Meta is preparing to begin production of its latest custom artificial intelligence (AI) chip in September as the company pushes to build more of its AI infrastructure with hardware it designs itself.
The chip, known internally as Iris, marks the next stage of Meta’s long-running effort to reduce its dependence on Nvidia as it spends as much as $145 billion on AI infrastructure this year. Reuters first reported the plans after reviewing an internal company memo.
The new chip is part of Meta Training and Inference Accelerators (MTIA), a family of AI chips built specifically for the company’s data centers. Meta is using them to power the AI systems behind Facebook, Instagram, and its wider portfolio of AI products. The company is working with Broadcom on the chip’s design while Taiwan Semiconductor Manufacturing Company will manufacture it.
A Shift Away From Buying Every AI Chip
Meta remains one of Nvidia’s biggest customers, but the scale of its AI ambitions has made relying almost entirely on outside suppliers increasingly expensive.
According to the internal memo seen by Reuters, Meta expects to deploy seven gigawatts of computing capacity by the end of this year before doubling that to 14 gigawatts in 2027. Supporting infrastructure on that scale requires enormous numbers of AI chips, networking equipment, memory, and storage.

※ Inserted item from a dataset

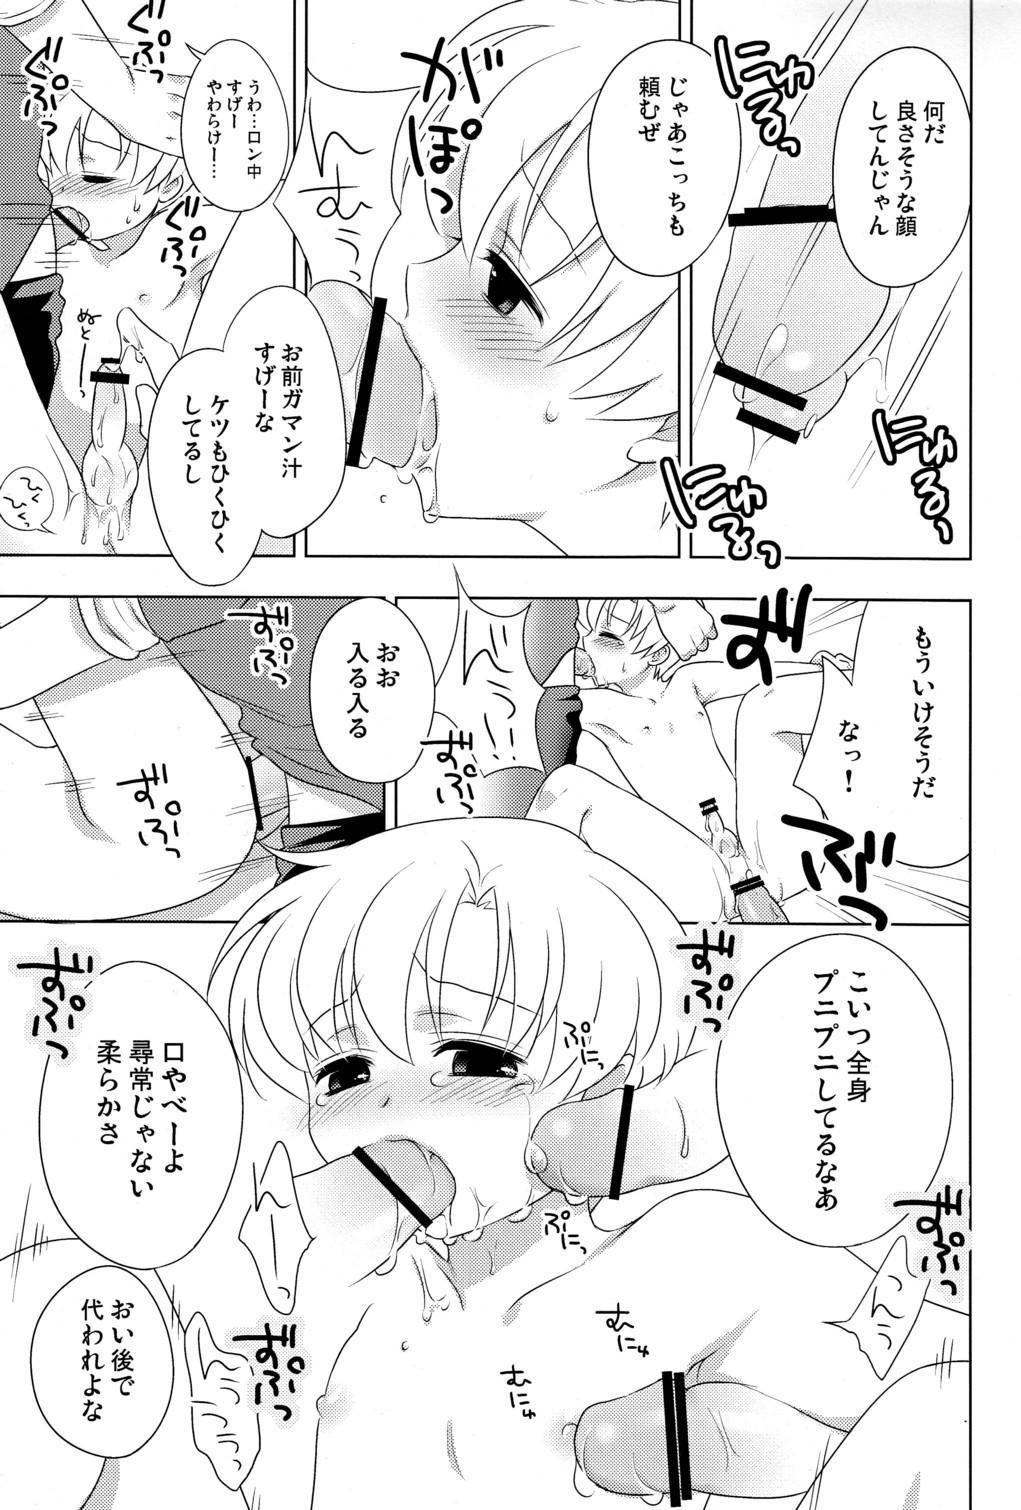 Koi Suru Bokura ha Setsunakute Aitsu wo Omou to Sugu XXX 9

Meta has also reportedly signed long-term supply agreements with companies including Samsung, Sandisk, and Sumitomo Electric to secure key components for its growing data center network.

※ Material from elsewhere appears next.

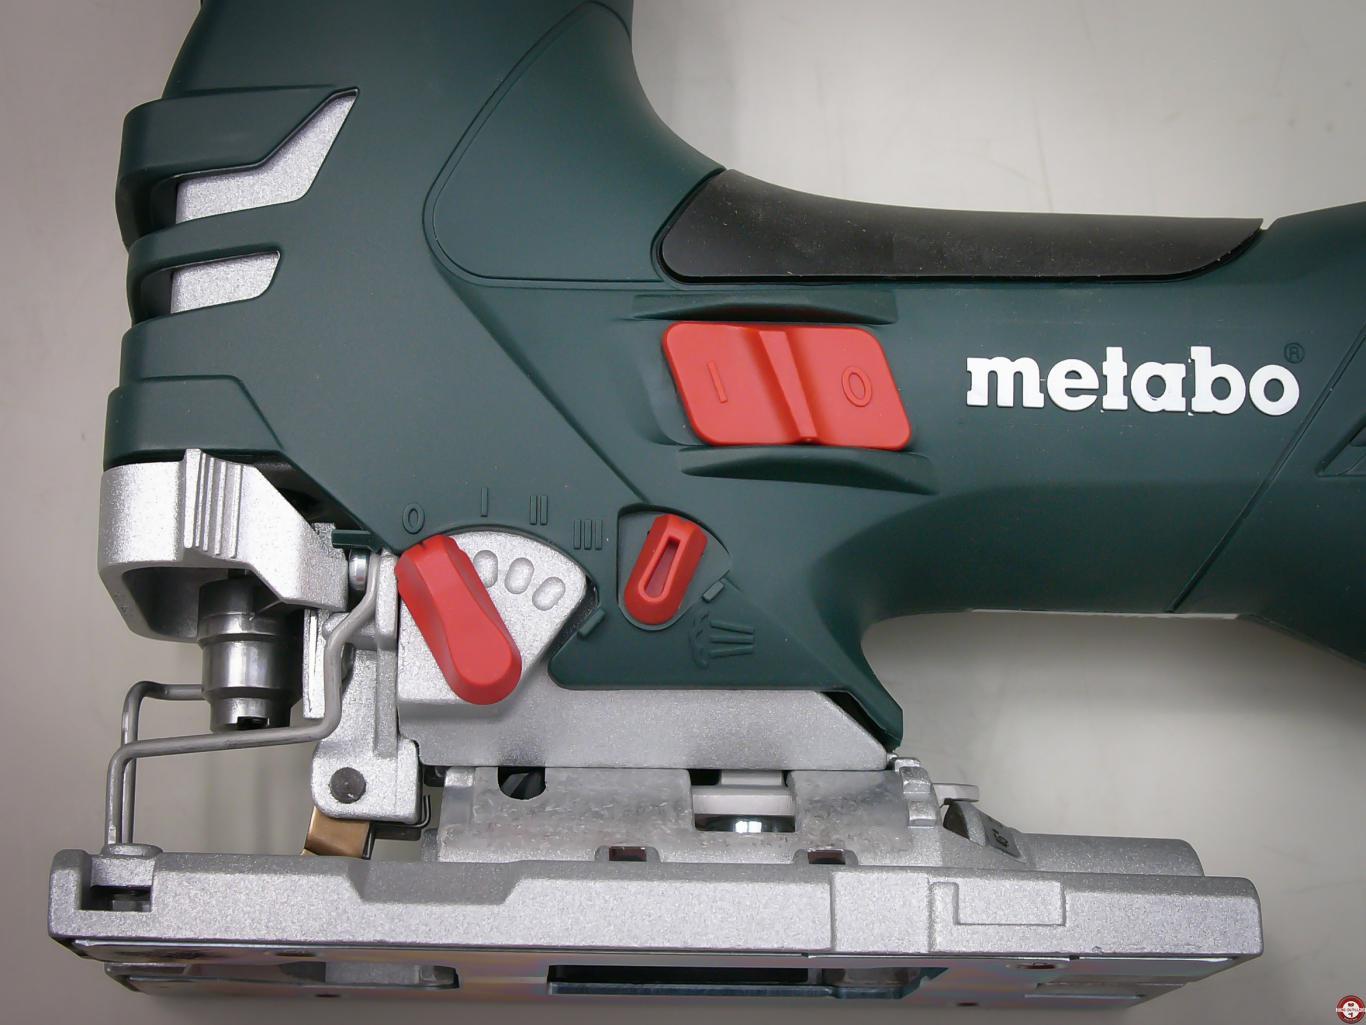 Scie sauteuse metabo ste 140 750w - Leroy merlin scie sauteuse ...

Building more of its own chips gives Meta greater control over costs and allows it to tailor hardware for its own AI workloads instead of depending entirely on general purpose GPUs.
Why Meta Is Building Its Own Chips
Meta’s push into custom chips comes as the company prepares to spend as much as $145 billion on AI infrastructure this year.
This investment covers new data centers, networking equipment, AI chips, and the computing capacity needed to train and run its AI models. Meta is also looking for ways to generate returns from that massive buildout.
Earlier this month, it was reported that the company is developing a cloud infrastructure business that would let outside customers buy access to its excess AI computing capacity and AI models.
As such, Meta bringing Iris into production is expected to help Meta reduce the cost of building its AI infrastructure while giving the company greater control over the hardware that powers its growing AI operations.
Iris Is Part Of A Bigger Roadmap
Iris is not a one-off project. It belongs to a four-generation MTIA roadmap that Meta plans to develop in-house, with a new chip generation expected roughly every six months through 2027. The social media giant said earlier this year that the chips follow a modular design approach, allowing engineers to improve them more quickly as AI workloads evolve.
The latest development also represents progress for a program that has faced setbacks over the years. Iris reportedly completed testing in about six weeks without major issues, suggesting Meta’s custom silicon effort is now moving more smoothly than in previous generations.
Nvidia Is Still Part Of Meta’s AI Strategy
This Meta’s move does not mean it is abandoning Nvidia. The company will continue buying large numbers of Nvidia and AMD GPUs because its custom chips are designed to complement existing AI infrastructure rather than replace it completely. In this sense, Iris is intended to work alongside those GPUs as Meta expands its computing capacity.
And as AI infrastructure spending continues to climb across the technology industry, companies are looking for more control over the hardware that powers their models. For Meta, producing Iris is about supporting its growing AI operations while reducing the long-term cost of building them at an unprecedented scale.